11.3 How to unsubscribe

Multiple options:

• Click “Unsubscribe” in any marketing email.
• Account settings > Email preferences.

12.1 Age requirements

Our policy:

• LUDICO is not intended for children under 16 years of age.
• We do not intentionally collect data from children under 16.
• Parents may book activities for their children using the parent's account.

If you are under 16:

• You must have parental authorization to use LUDICO.
• Your parent/guardian must create and manage the account.
• Workshop registrations must be carried out by parents/guardians.

12.2 Parental responsibility

If your child uses LUDICO:

• You are responsible for their use of the platform.
• You must supervise their participation in the workshop.
• Contact us if your child has provided information without consent.

If we discover use by minors:

• We will delete the account and data immediately.
• We will notify the registered email address.
• We will not process further data.

Contact us if you believe we have inadvertently collected data from a child under 16.

13.1 External websites

Our platform may contain links to:

• Personal websites of Partners.
• Social media profiles.
• Payment processor websites.

We are not responsible for:

• The privacy practices of these third parties.
• The content of external websites.
• The security of external services.
• Data collection by third parties.

Recommendation: review the privacy policy of any external site before providing information.

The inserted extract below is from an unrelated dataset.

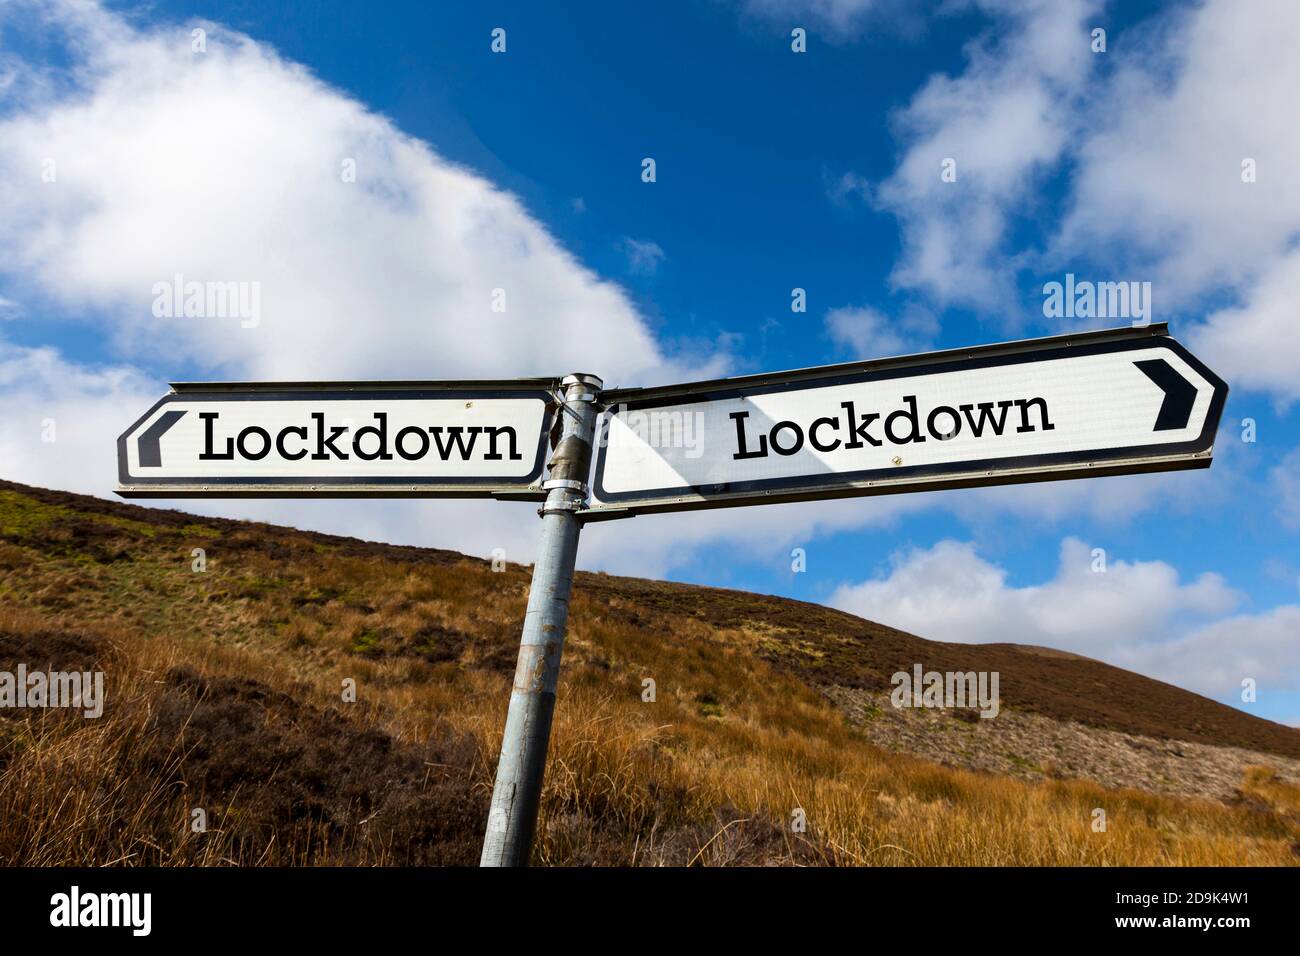 Lockdown, lock down, Covid 19 lockdown, UK lockdown, sign, lockdown sign, coronavirus lockdown, covid19, covid 19, UK, England, Europe, Stock Photo

13.2 Social media integration

When you link social networks:

• We receive basic profile information (name, email, photo).
• You control what information social platforms share with us.

Social sharing:

• When you share activities on social networks, the privacy policy of that platform applies.

In general, we avoid collecting sensitive personal data, but we may receive it:

Health data:

• Dietary restrictions (allergies, vegetarian/vegan).
• Accessibility needs (wheelchair access, hearing/visual assistance).
• Medical conditions (only if voluntarily shared for safety reasons).

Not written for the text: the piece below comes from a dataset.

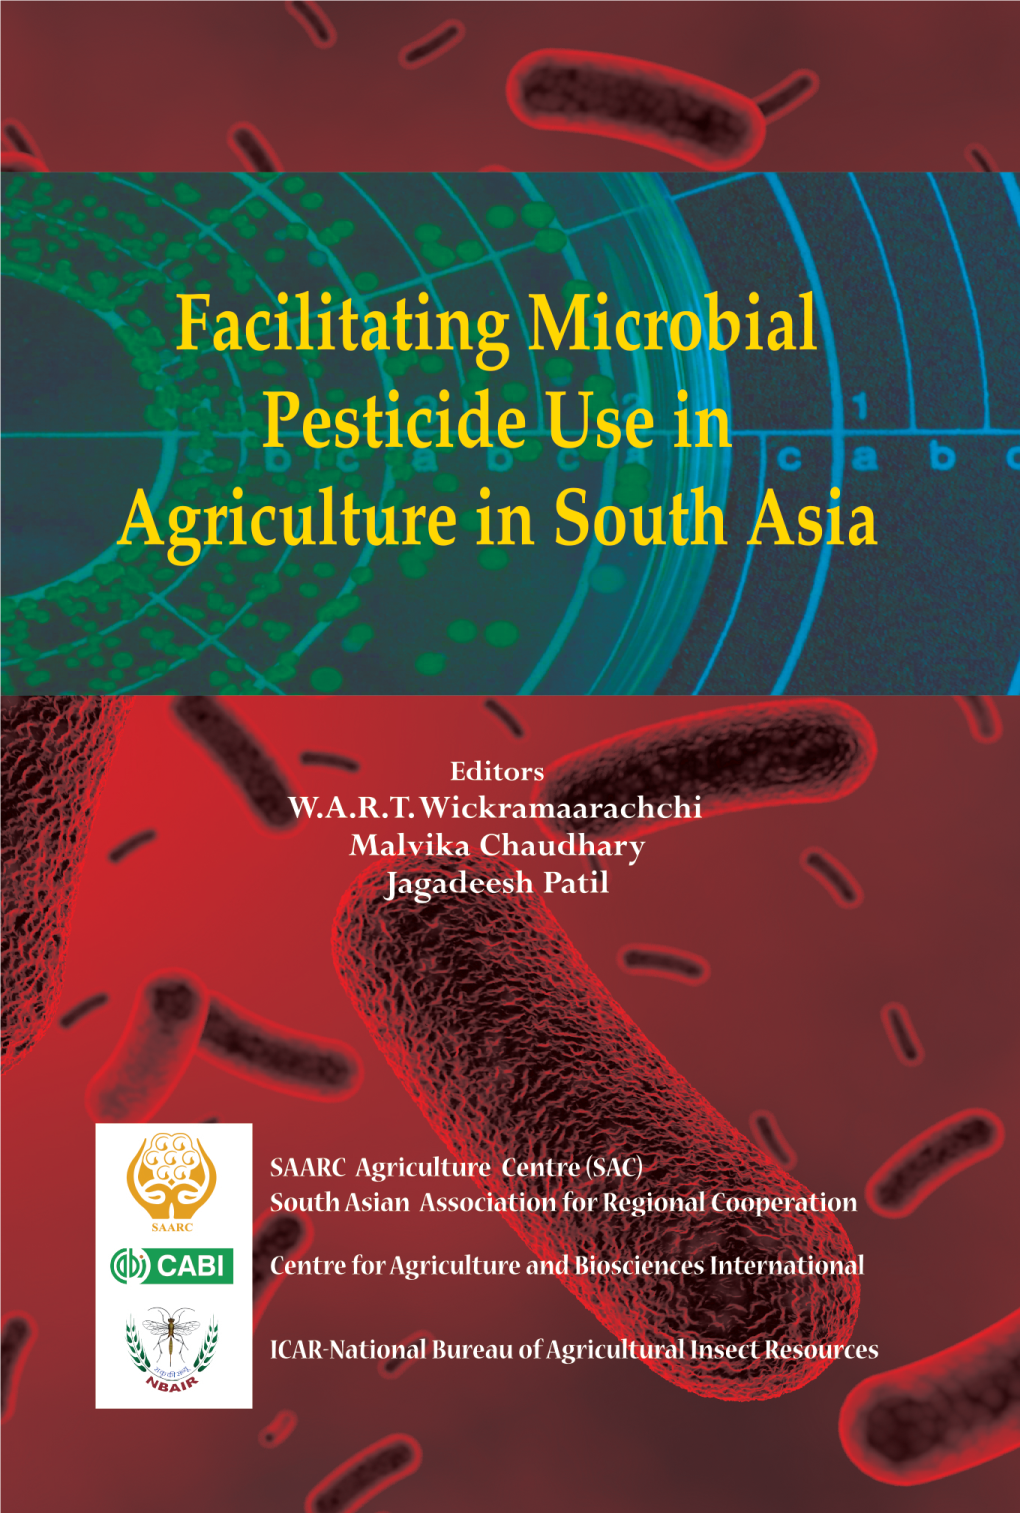 Microbial Pesticides

We may use algorithms to suggest workshops based on your interests, but never to make decisions that affect your legal rights without human supervision.

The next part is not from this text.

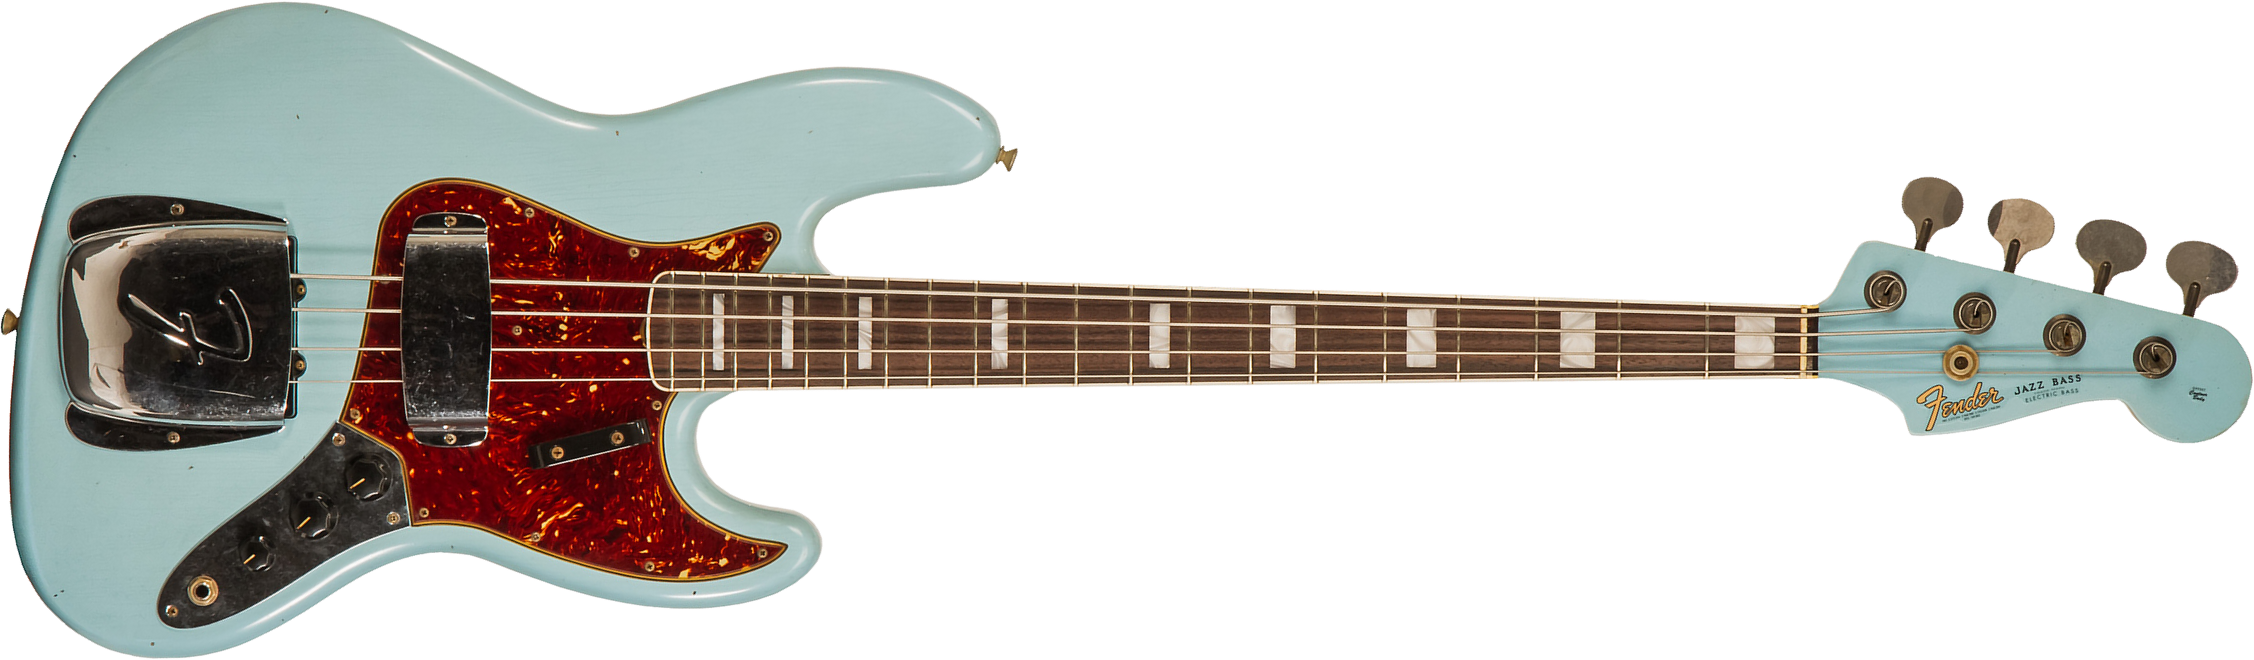 Fender Custom Shop Jazz Bass 1966 Rw #cz553892 - Journeyman Relic Daphne Blue - Solid body electric bass - Main picture

16.1 Partner-specific data processing

• Professional experience and credentials.
• Workshop content and materials.
• Pricing and availability.
• Student bookings and attendance.
• Payment and tax information (NIF/VAT).
• Performance metrics (rankings, evaluation scores, booking rates).

16.2 Commission and payments

Financial processing:

• We calculate the platform commission of 10% on bookings.
• Partners receive 90% of the booking value (87.59% after payment fees).
• Payments made by bank transfer.
• Tax documentation generated annually.
• Transaction history available in the Partner dashboard.

16.3 Partner responsibilities

You are responsible for:

• Protection of user data received through bookings.
• Complying with the GDPR when handling user information.
• Not using user data for unauthorized purposes.
• Maintaining the confidentiality of user information.
• Deleting user data when no longer needed.

16.4 Partner reviews and ratings

Public information:

• User reviews of activities are public.
• Average ratings are shown on the profile.
• Review history is retained indefinitely (for platform trust).

You cannot:

• Delete negative reviews (unless they violate the Terms of Service).

You can:

• Report reviews that violate our guidelines.

If a security breach occurs that compromises personal data, we will notify the AEPD and the affected users within 72 hours.

You have the right to file a complaint with the Spanish Data Protection Authority:

• Agencia Española de Protección de Datos (AEPD)
• Address: C/ Jorge Juan, 6, 28001 Madrid, Spain
• Website: www.aepd.es

When to contact the AEPD:

• If we do not respond to your request within 30 days.
• If you are not satisfied with our response.
• If you believe we are not complying with the GDPR.
• For general questions about data protection.